The game Star Trek: Armada depicts events of an Omega molecule. It was found by the Ferengi, who were preparing to sell it to the Cardassians, as they did not realize its power. The Romulans led by Sela captured it and hid it at a Romulan starbase where the Borg assimilated it. It was moved to Unimatrix 01 where an invasion force led by the Federation-Klingon-Romulan alliance destroyed it and the surrounding Borg sectors.
The Section 31 novel Cloak details the events that lead to the creation of the Omega Directive. In it, the USS Enterprise forces the USS Sphinx out of warp, having been sabotaged by Section 31 in order to prevent them from revealing the research station in the Lantaru sector. This leads to an investigation that reveals Ketteract's experiment to James T. Kirk and the crew of the original Enterprise.

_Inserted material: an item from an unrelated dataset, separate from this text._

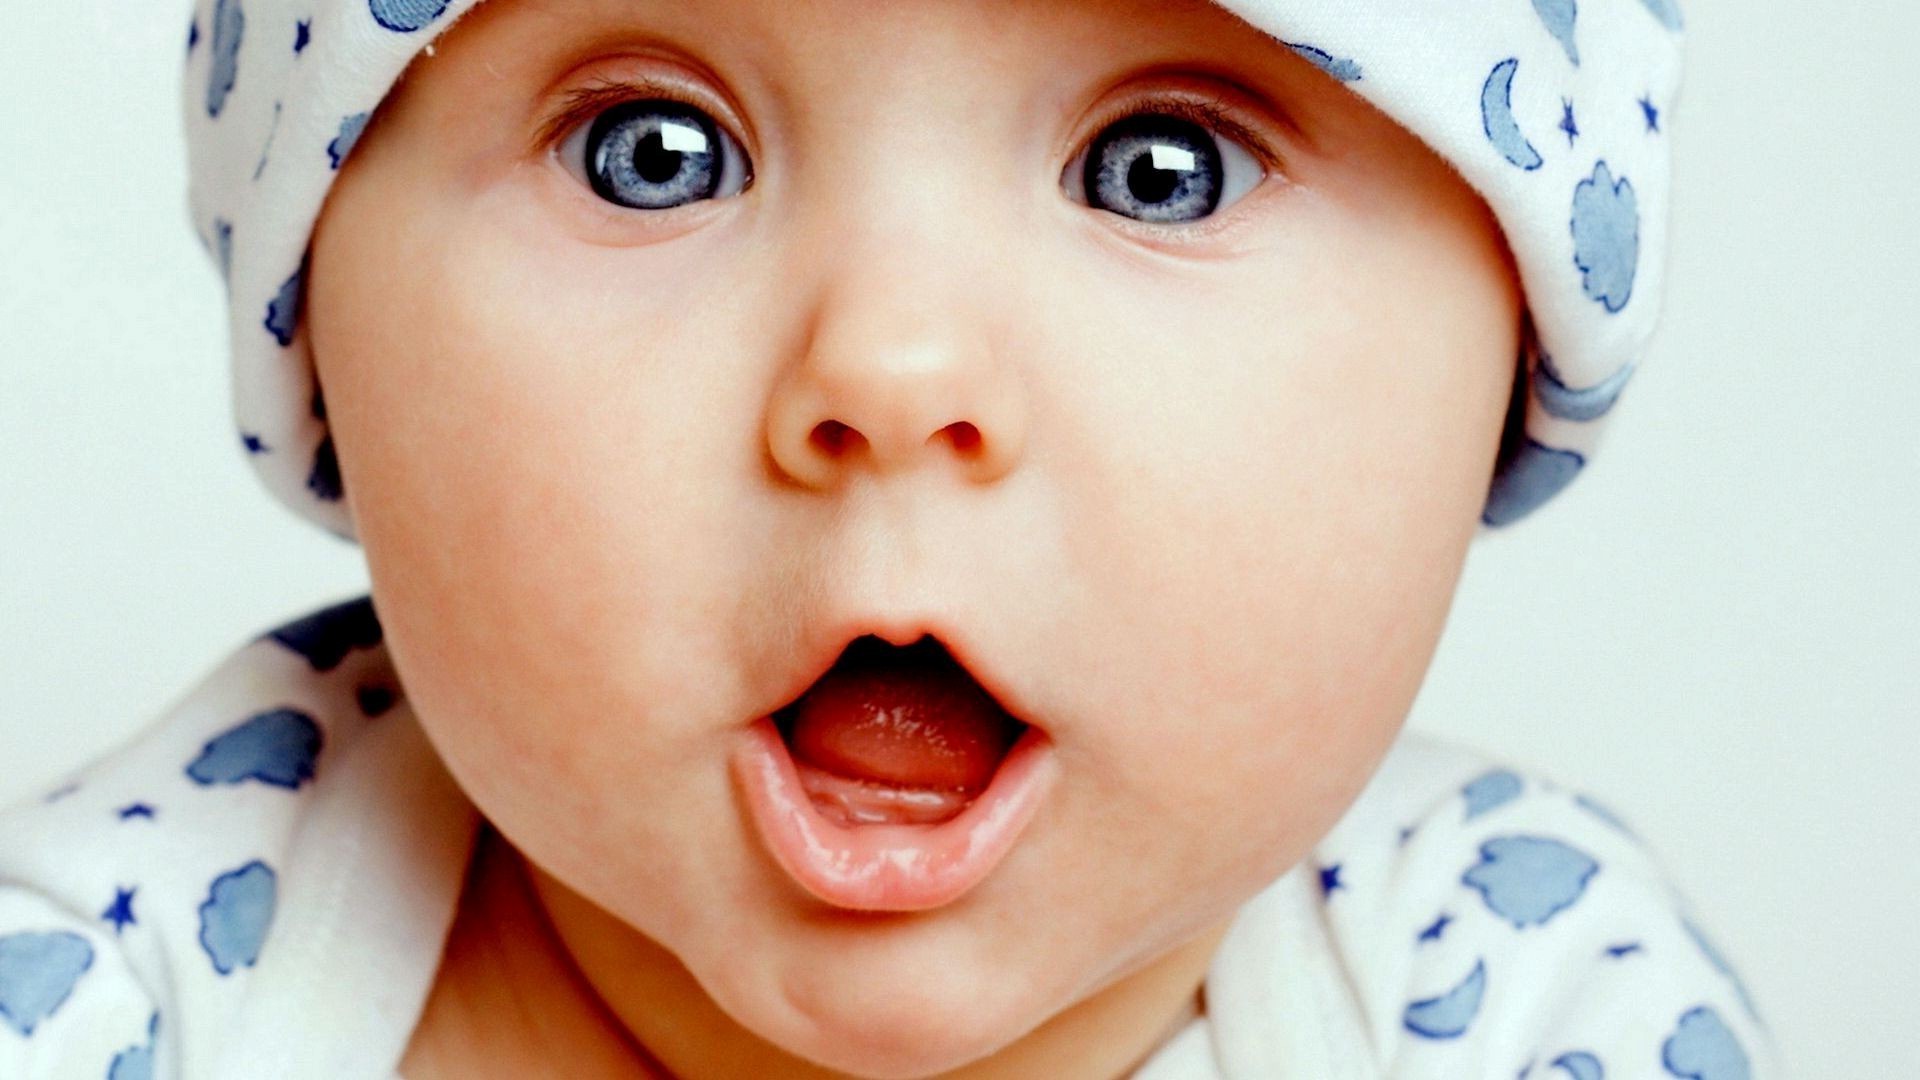 1920x1080 Cute Baby Wallpapers For Desktop Free Download Group (74+)

Although Kirk tries to appeal to Ketteract to stop the experiment, he is unsuccessful and the events described in "The Omega Directive" come to fruition.
In the game Star Trek Online mission "Sphere of Influence", the player character and major characters from the Federation and Klingon sides are taken by surprise when the character Commander Winters tells everyone that "all the monitors on the bridge are showing an Omega, we're locked out of the computers and the engine's off-line" after the Enterprise-F scanned what was on the other side of the Iconian gateway near Jouret IV, thus setting the stage for the Season 8 expansion.